↓↓↓

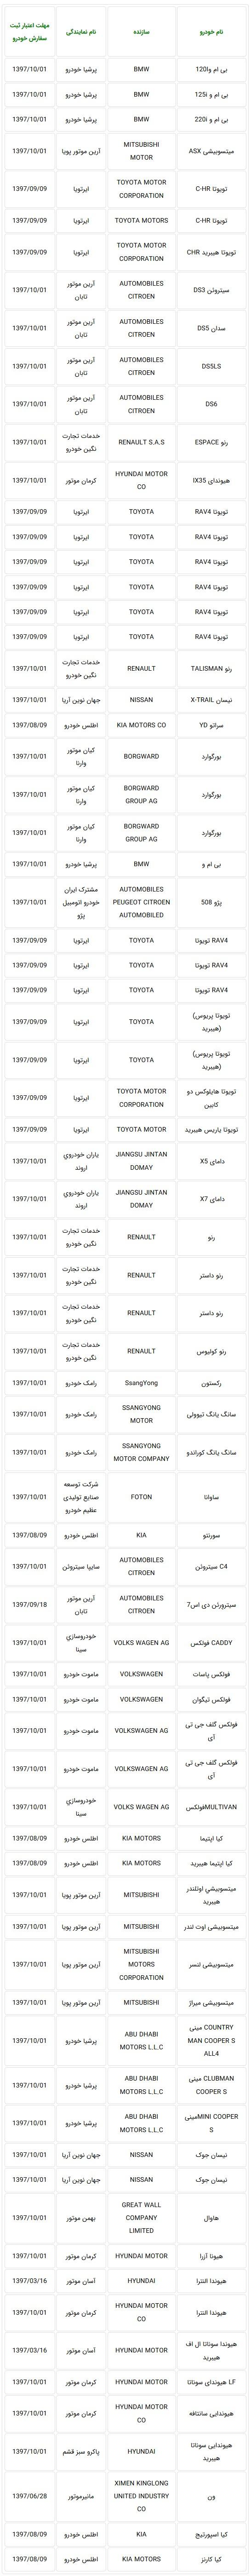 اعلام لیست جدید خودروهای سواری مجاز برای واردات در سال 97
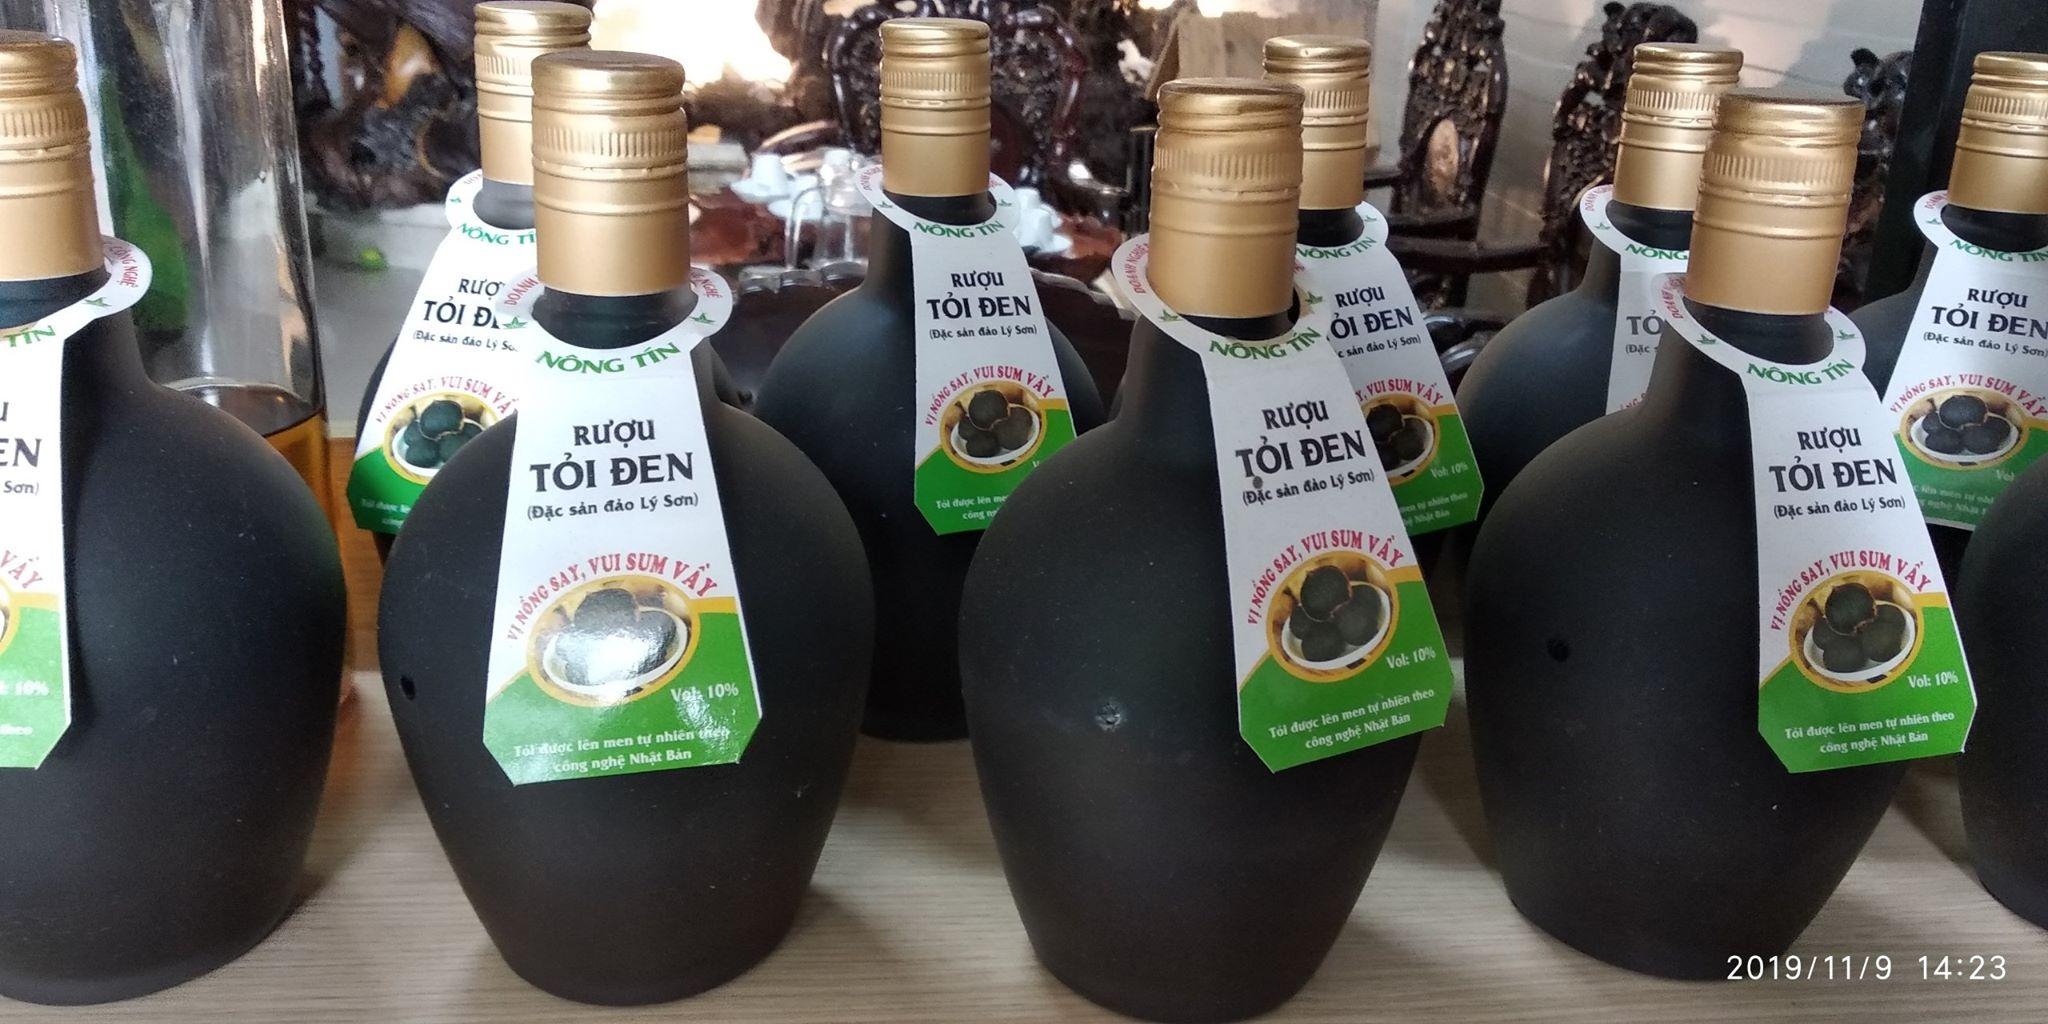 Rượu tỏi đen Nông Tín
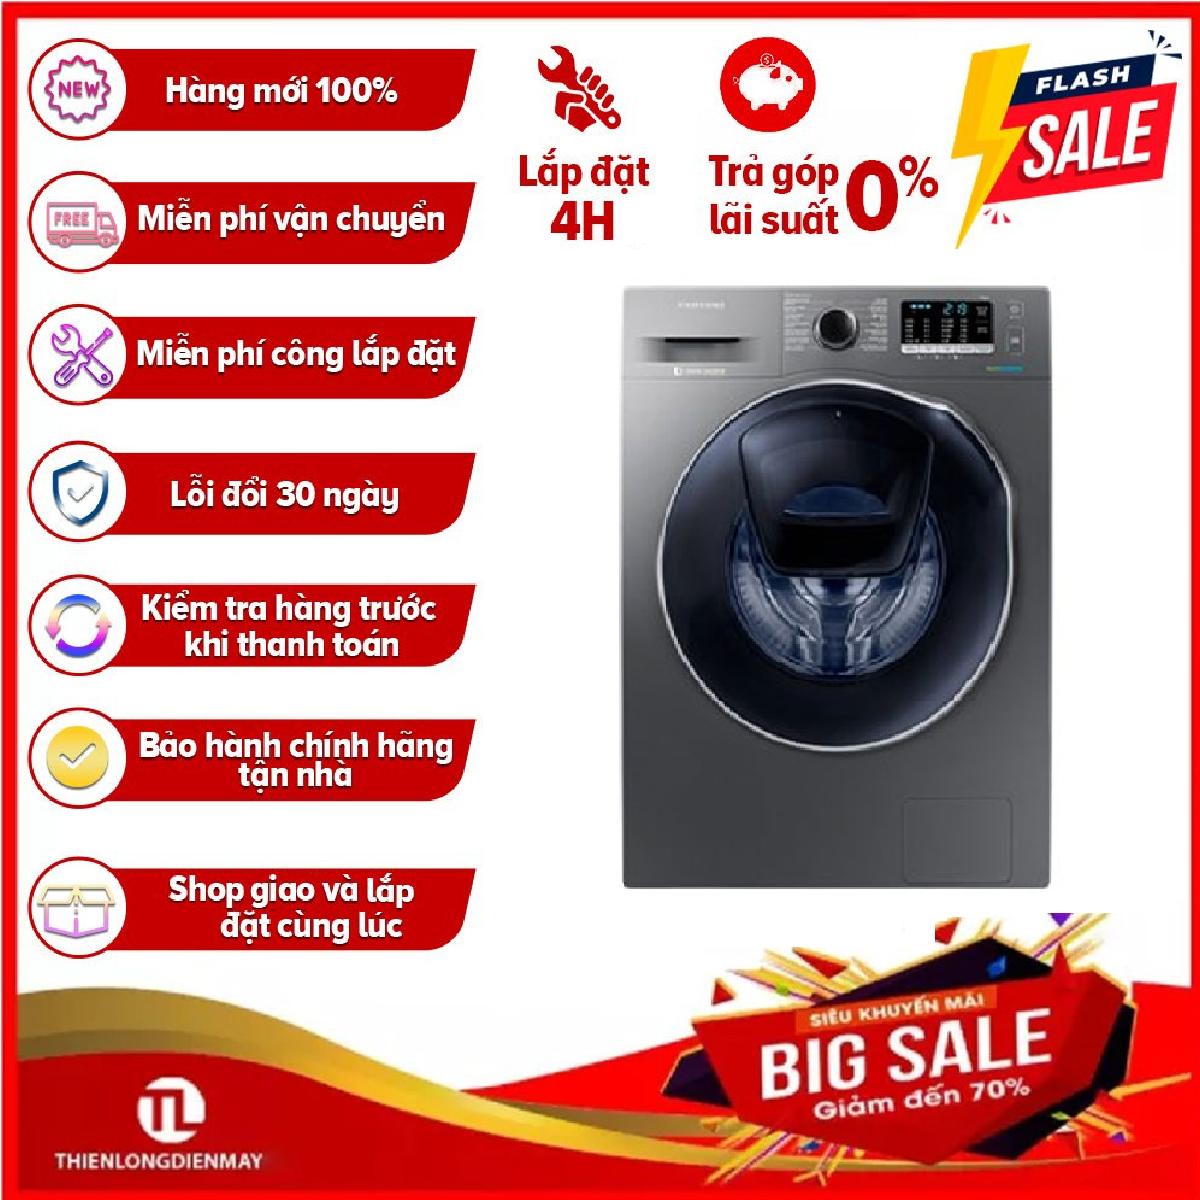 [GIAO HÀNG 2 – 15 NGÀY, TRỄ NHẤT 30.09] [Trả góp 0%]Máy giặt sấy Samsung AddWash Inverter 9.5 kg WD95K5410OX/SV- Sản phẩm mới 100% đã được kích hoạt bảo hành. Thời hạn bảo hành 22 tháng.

↑↑↑

Problem requirements: Line by line and exactly, write out the material above. Skip the pictures.

Task solution:
 اعلام لیست جدید خودروهای سواری مجاز برای واردات در سال 97
 Rượu tỏi đen Nông Tín
 [GIAO HÀNG 2 – 15 NGÀY, TRỄ NHẤT 30.09] [Trả góp 0%]Máy giặt sấy Samsung AddWash Inverter 9.5 kg WD95K5410OX/SV- Sản phẩm mới 100% đã được kích hoạt bảo hành. Thời hạn bảo hành 22 tháng.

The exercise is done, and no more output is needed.